None of the pictures should appear; the lines from the line containing "All In - Single Art - Saving Cadence - 2019" through the last line of the listing must be repeated exactly.

▶ [Dataset section]
((

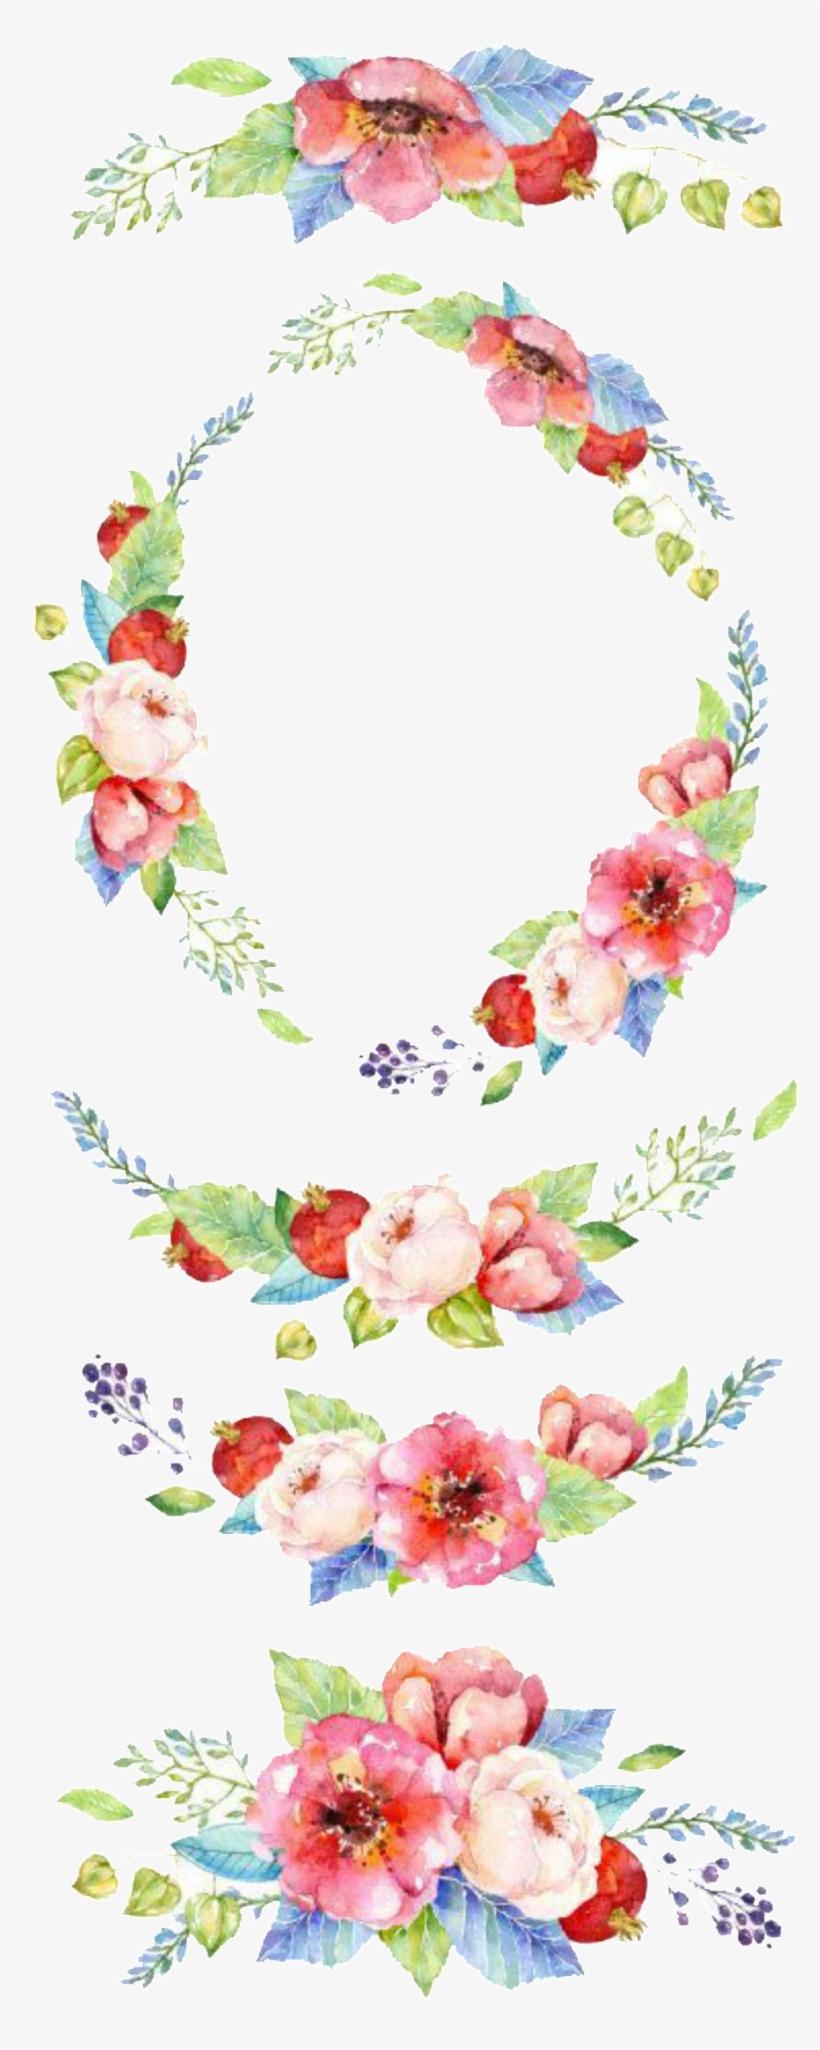 Fresh Watercolor Flowers Hand Drawn Wreath Decorative - Flowers Clip Art Invitations, transparent png #145293
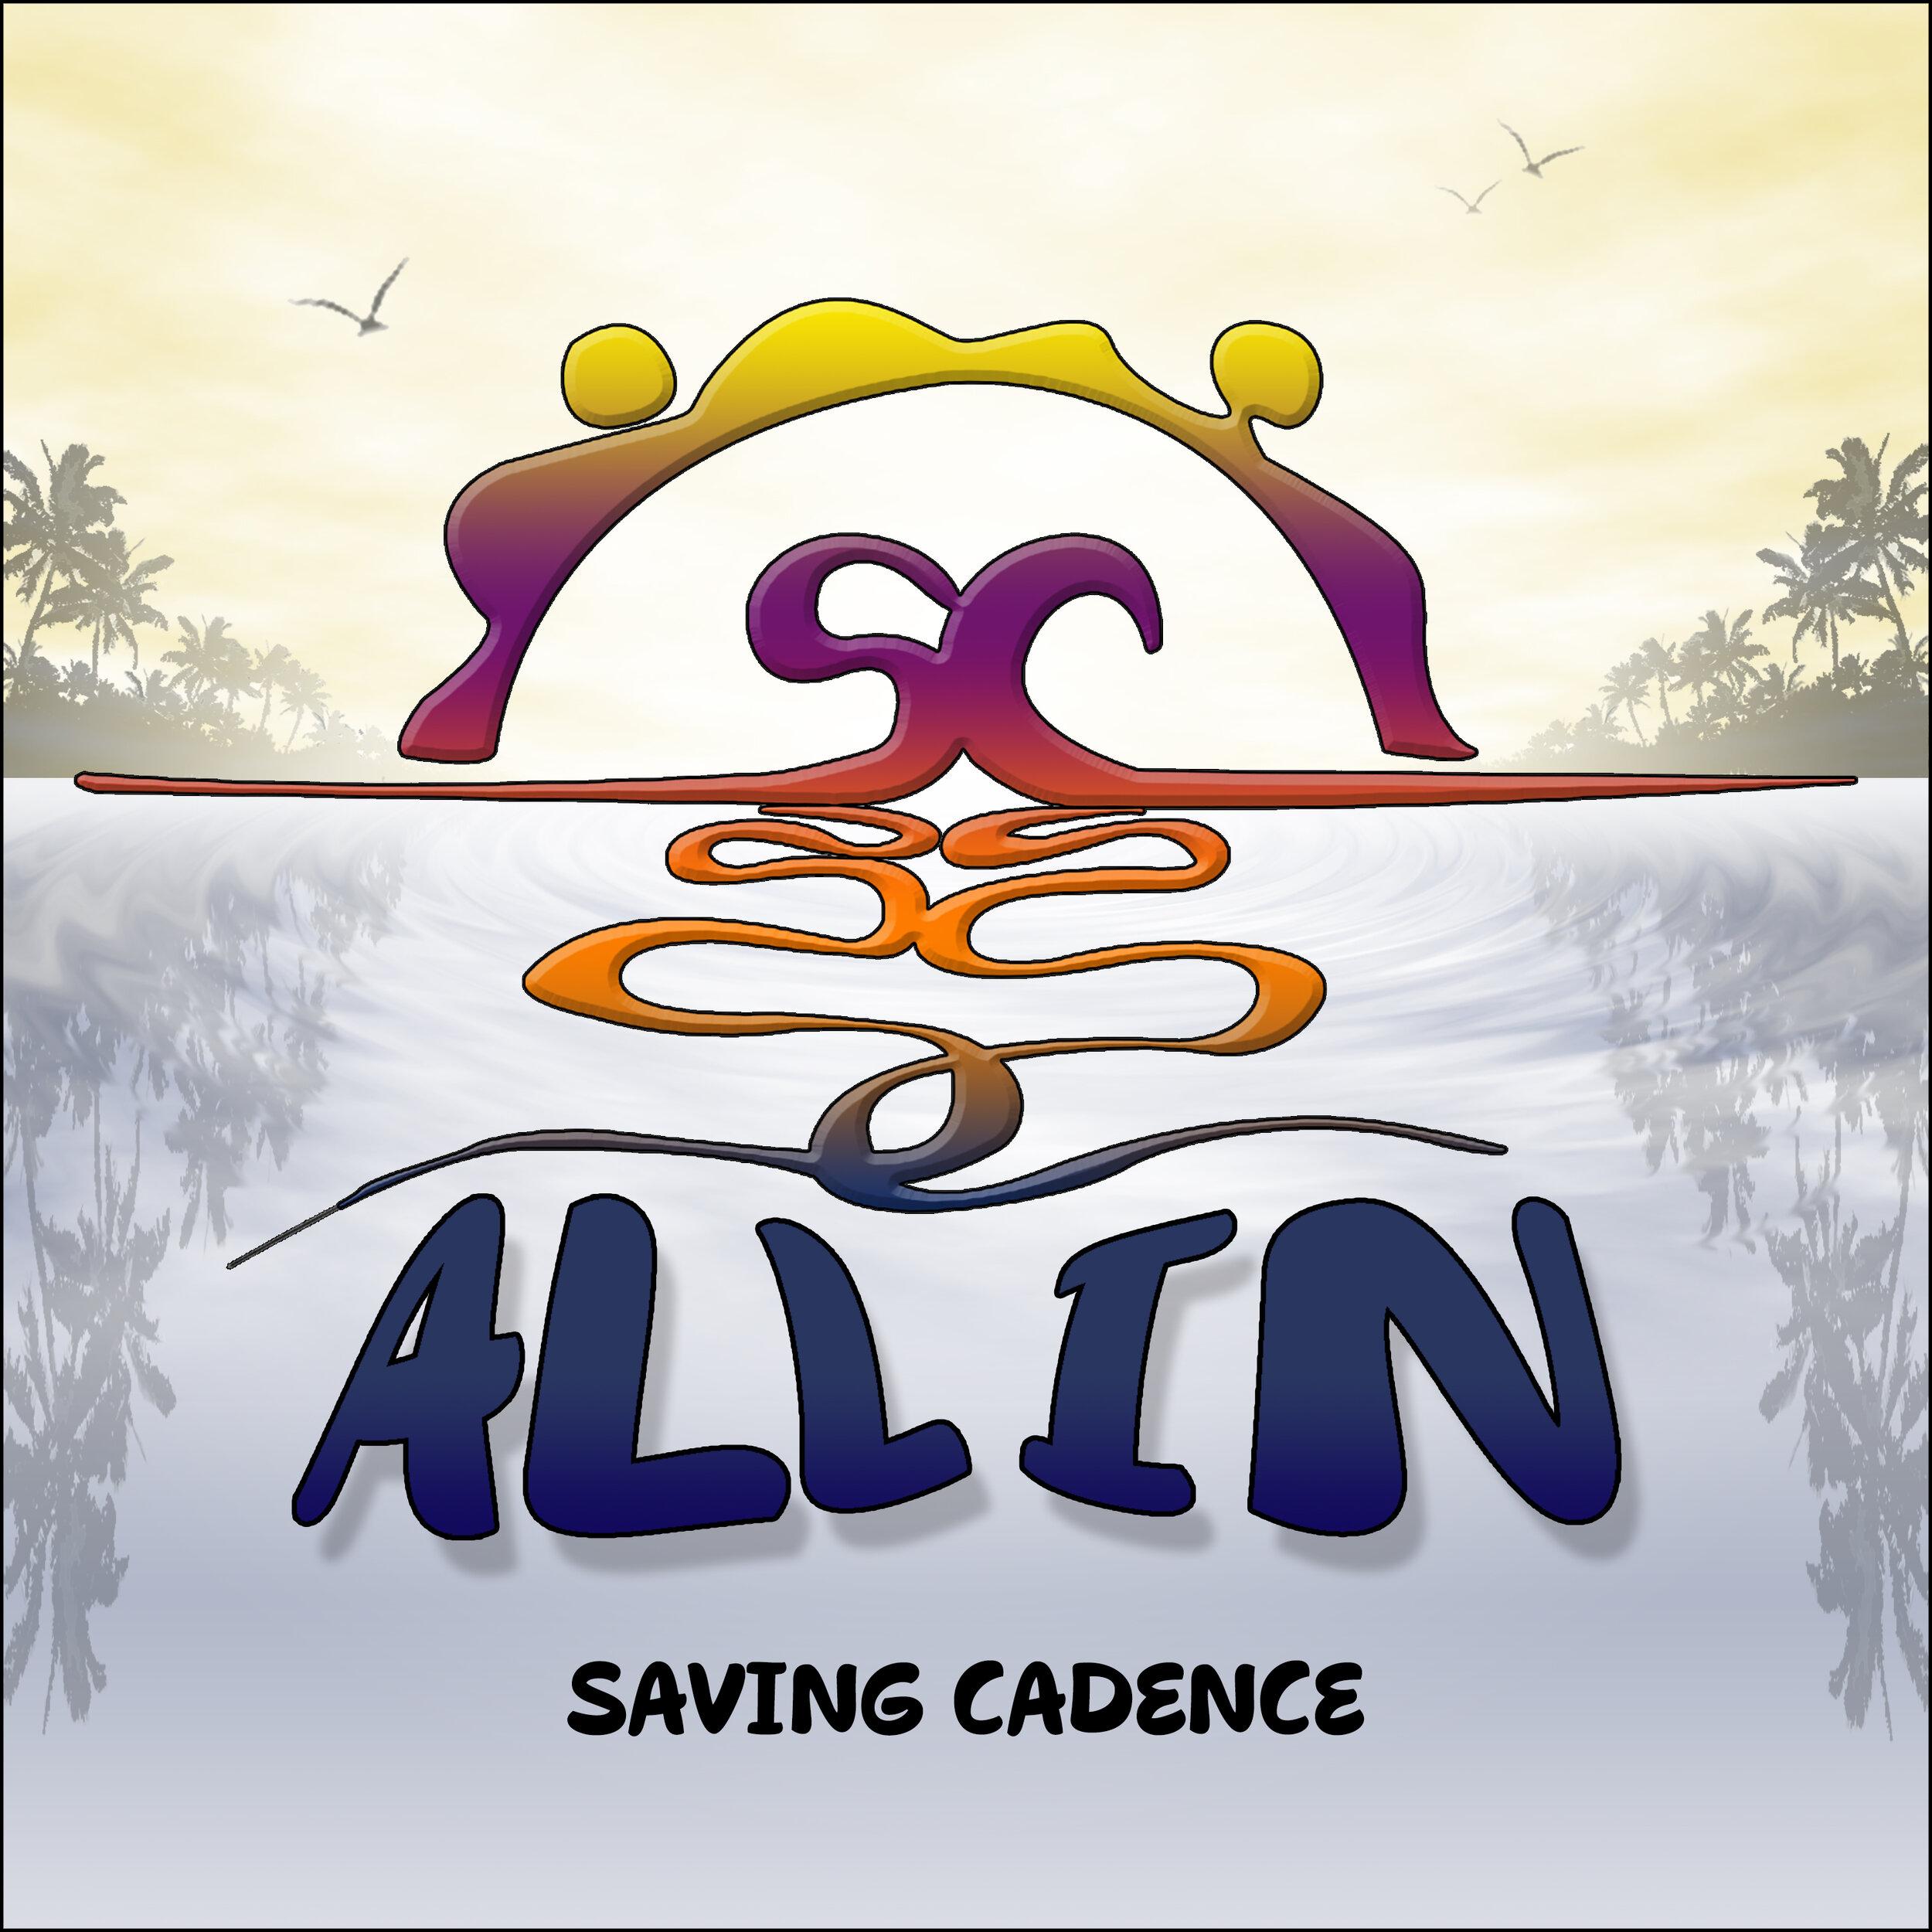 All In - Single Art - Saving Cadence - 2019
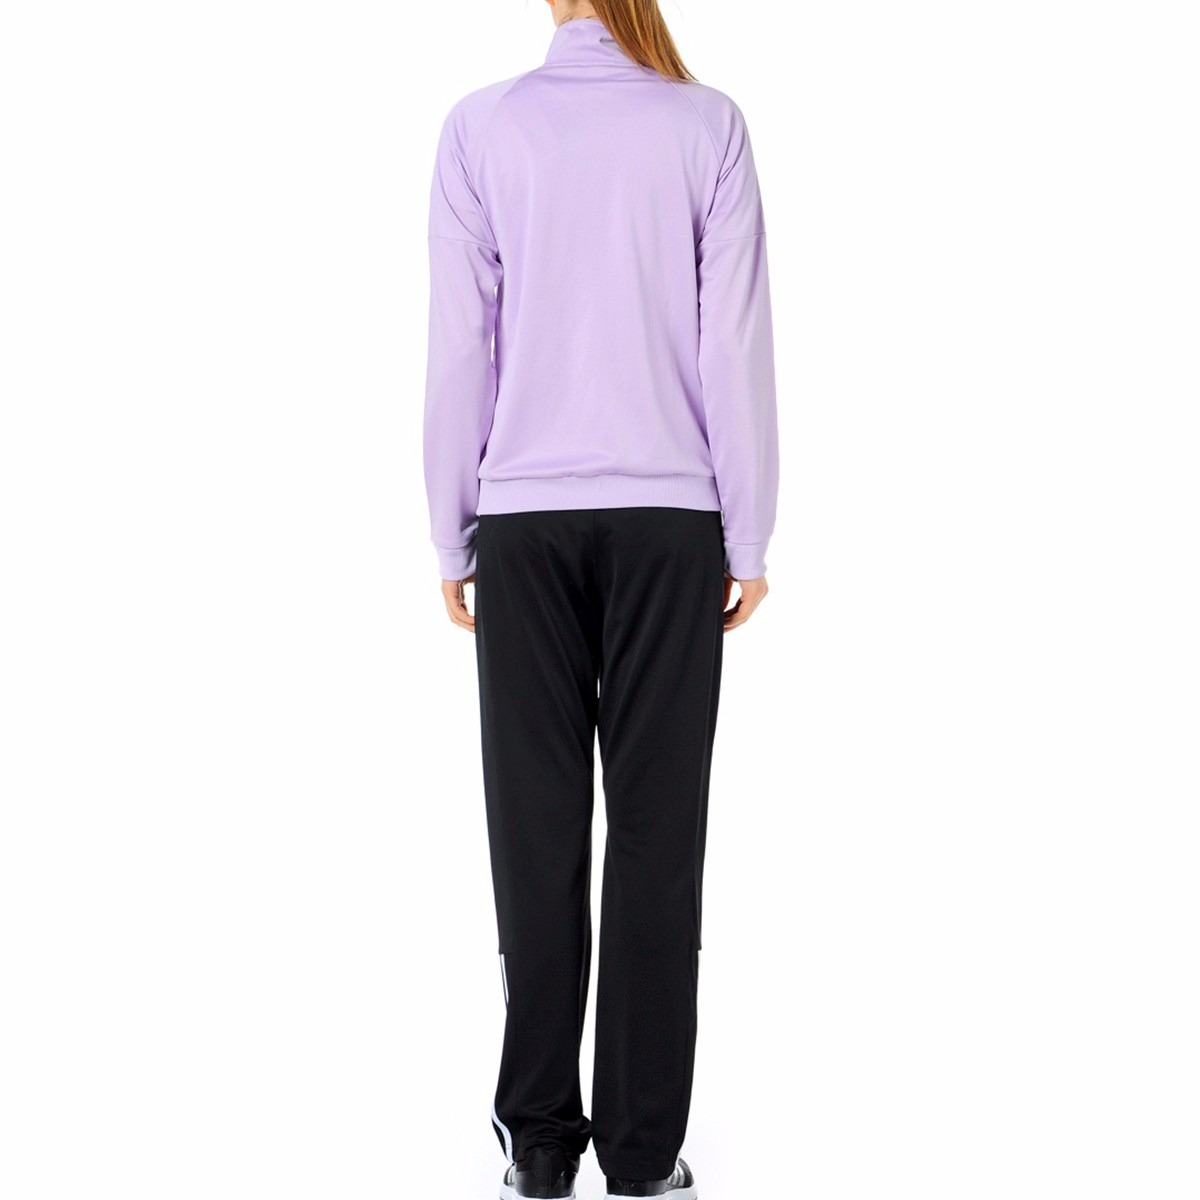 a29c4388385f0 Conjunto Pants Y Sudadera Training Frieda Suit adidas Aj5952 ...

))

▶ [Written answer]
 All In - Single Art - Saving Cadence - 2019
 a29c4388385f0 Conjunto Pants Y Sudadera Training Frieda Suit adidas Aj5952 ...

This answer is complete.